### Supplied material
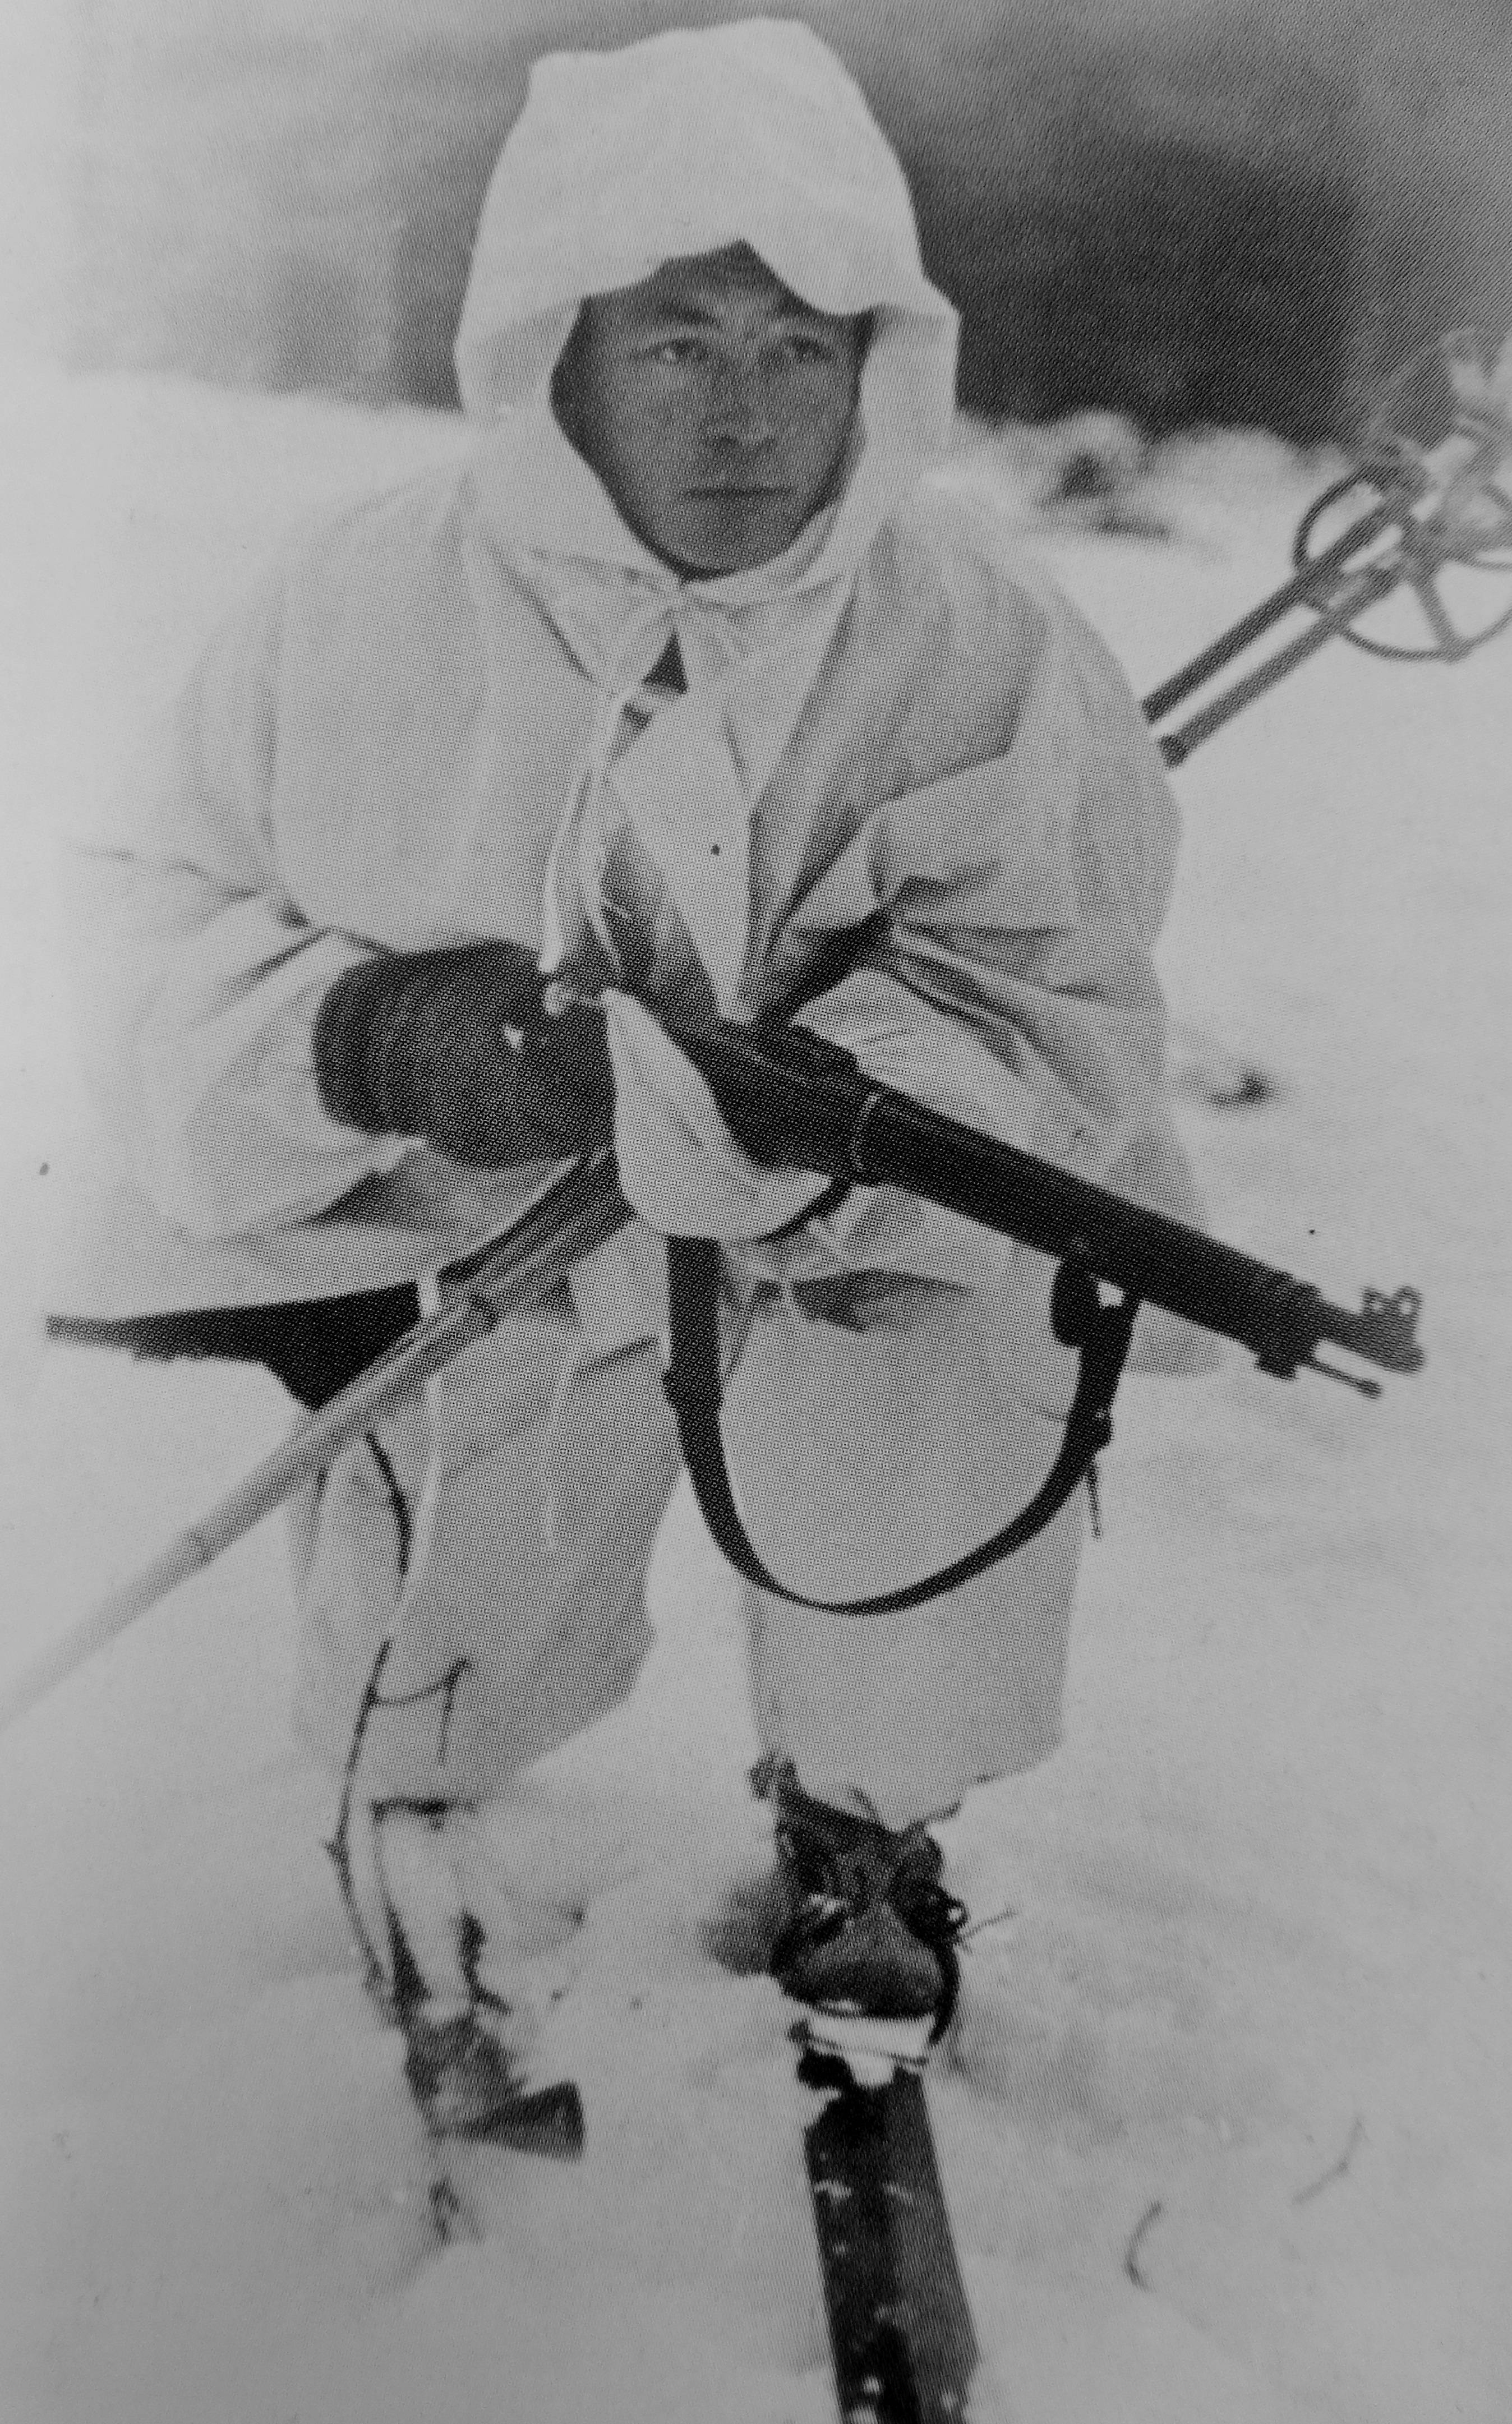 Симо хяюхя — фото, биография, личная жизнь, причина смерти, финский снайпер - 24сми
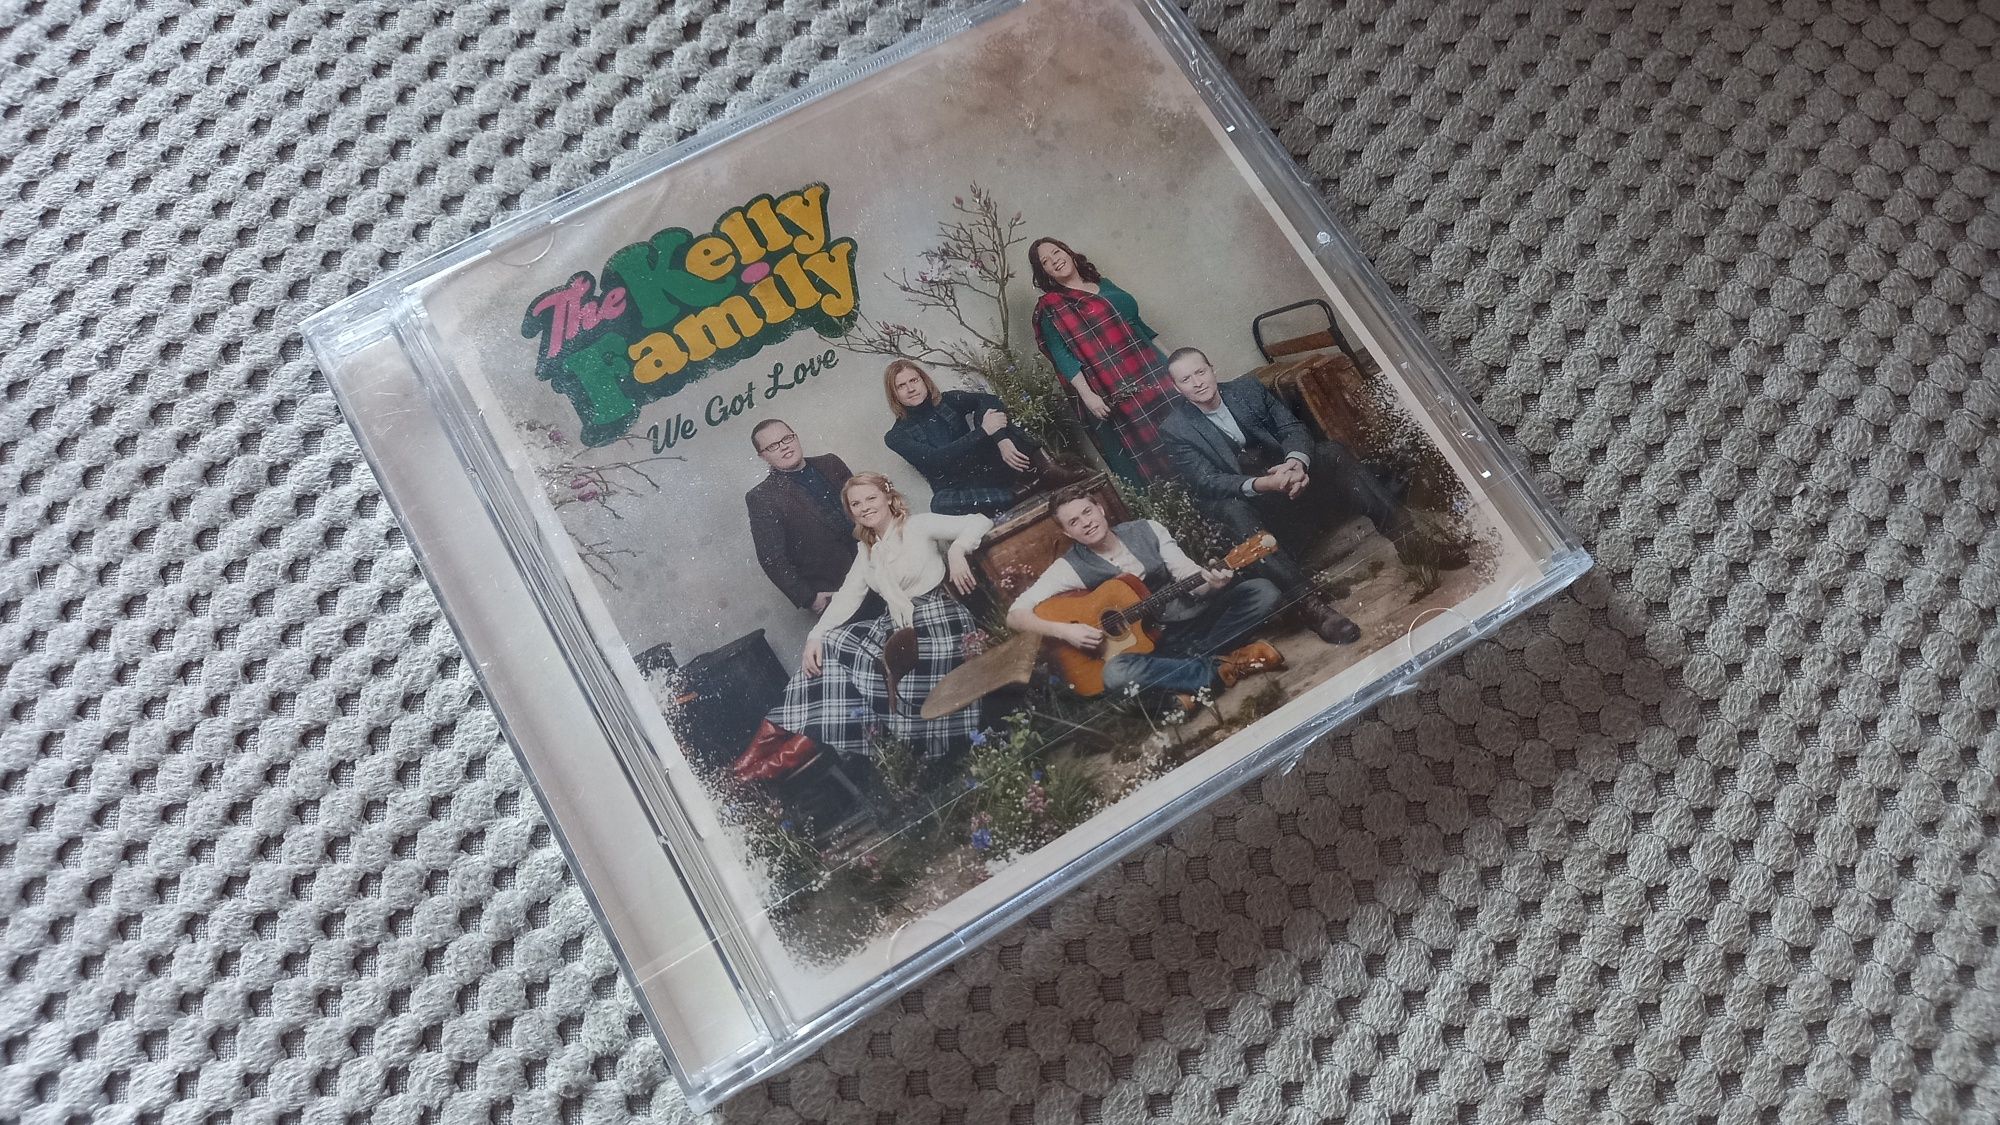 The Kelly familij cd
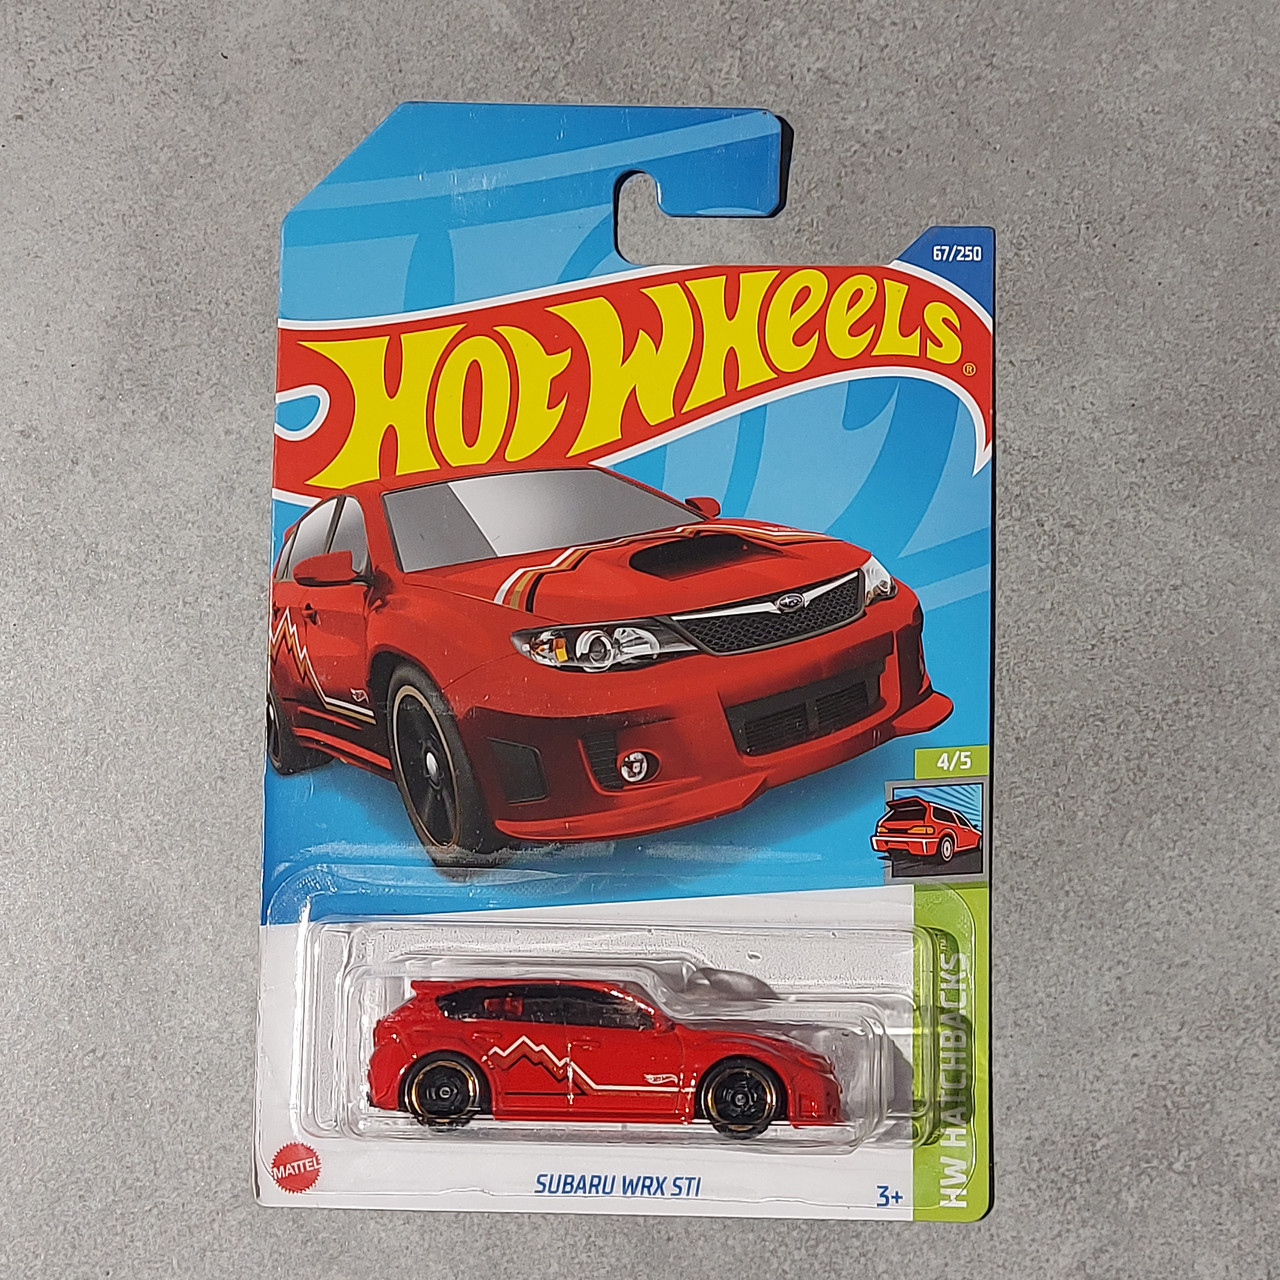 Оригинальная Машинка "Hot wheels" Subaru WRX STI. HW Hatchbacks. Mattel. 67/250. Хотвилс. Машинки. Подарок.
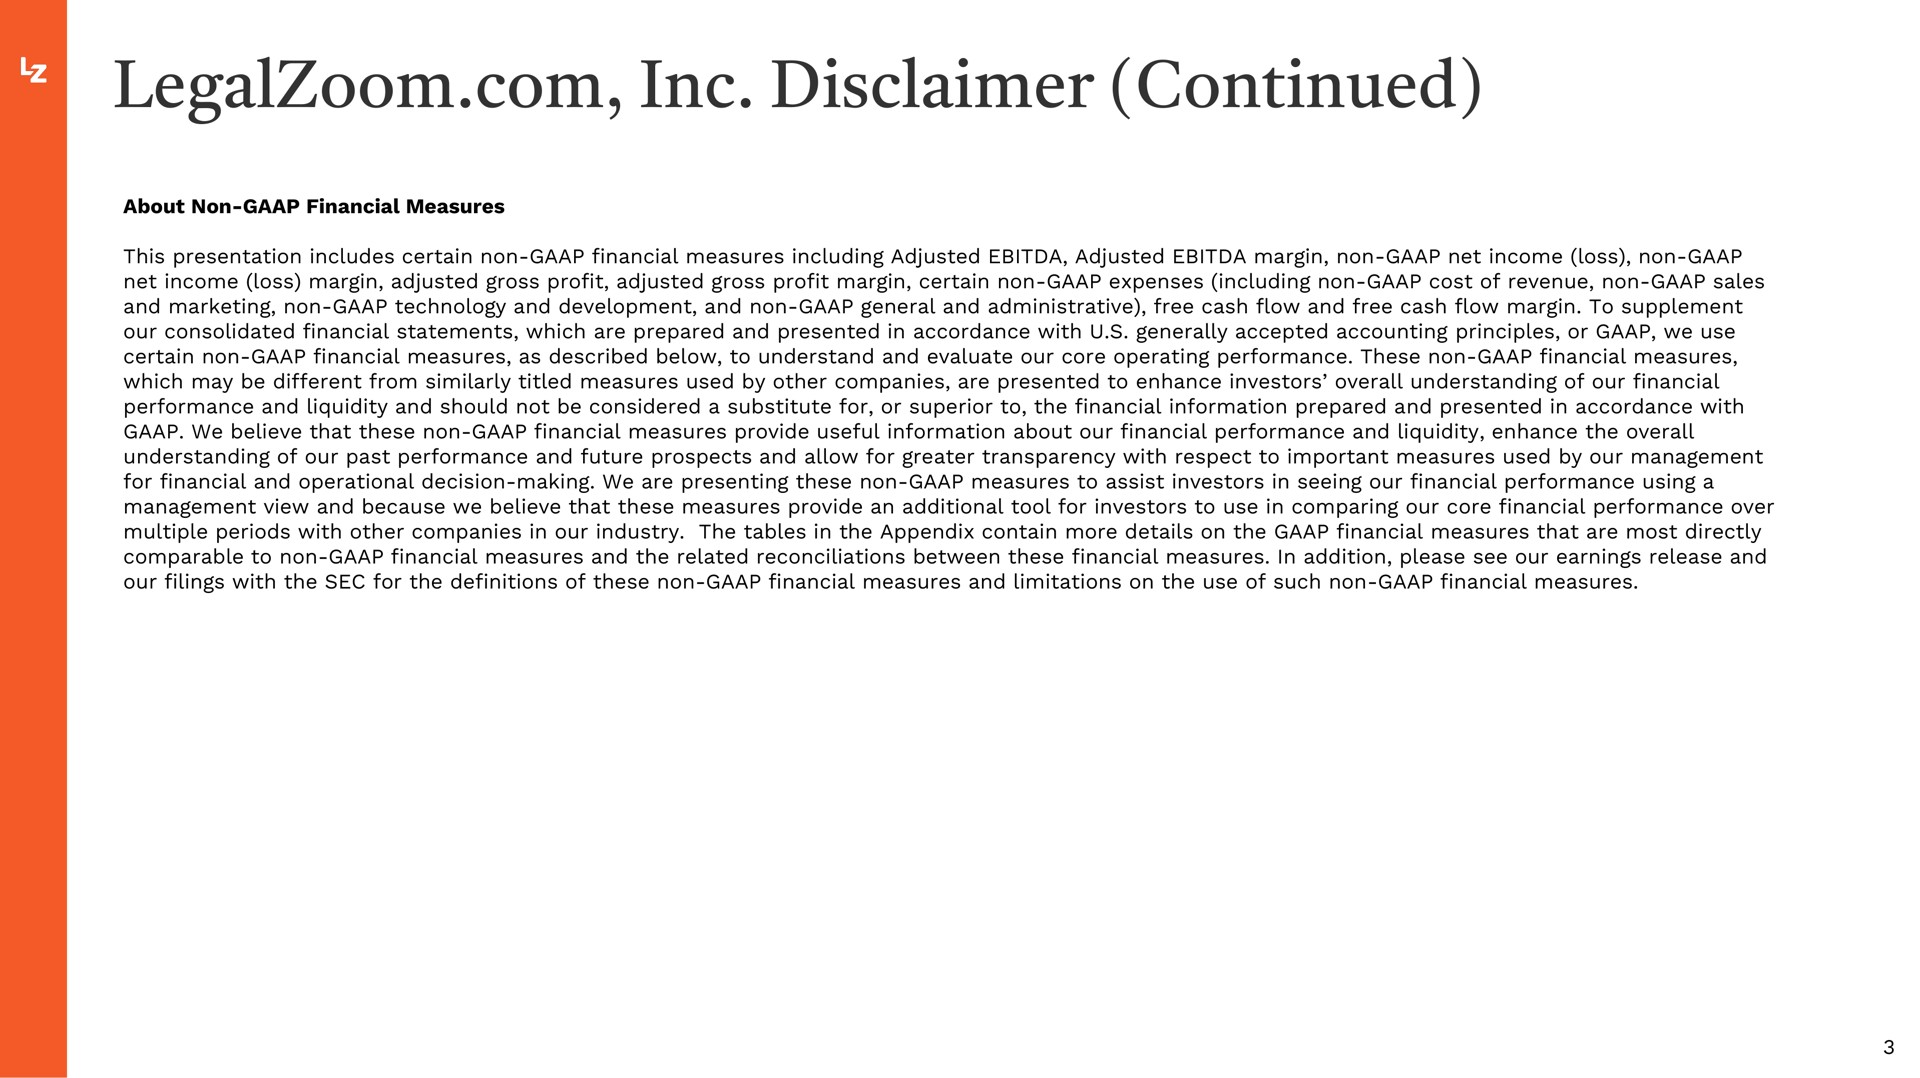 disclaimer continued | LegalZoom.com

### The problem
Please write the data out again exactly, but do not carry over the pictures.

### Solution for this problem
 Симо хяюхя — фото, биография, личная жизнь, причина смерти, финский снайпер - 24сми
 The Kelly familij cd
 Оригинальная Машинка "Hot wheels" Subaru WRX STI. HW Hatchbacks. Mattel. 67/250. Хотвилс. Машинки. Подарок.
 disclaimer continued | LegalZoom.com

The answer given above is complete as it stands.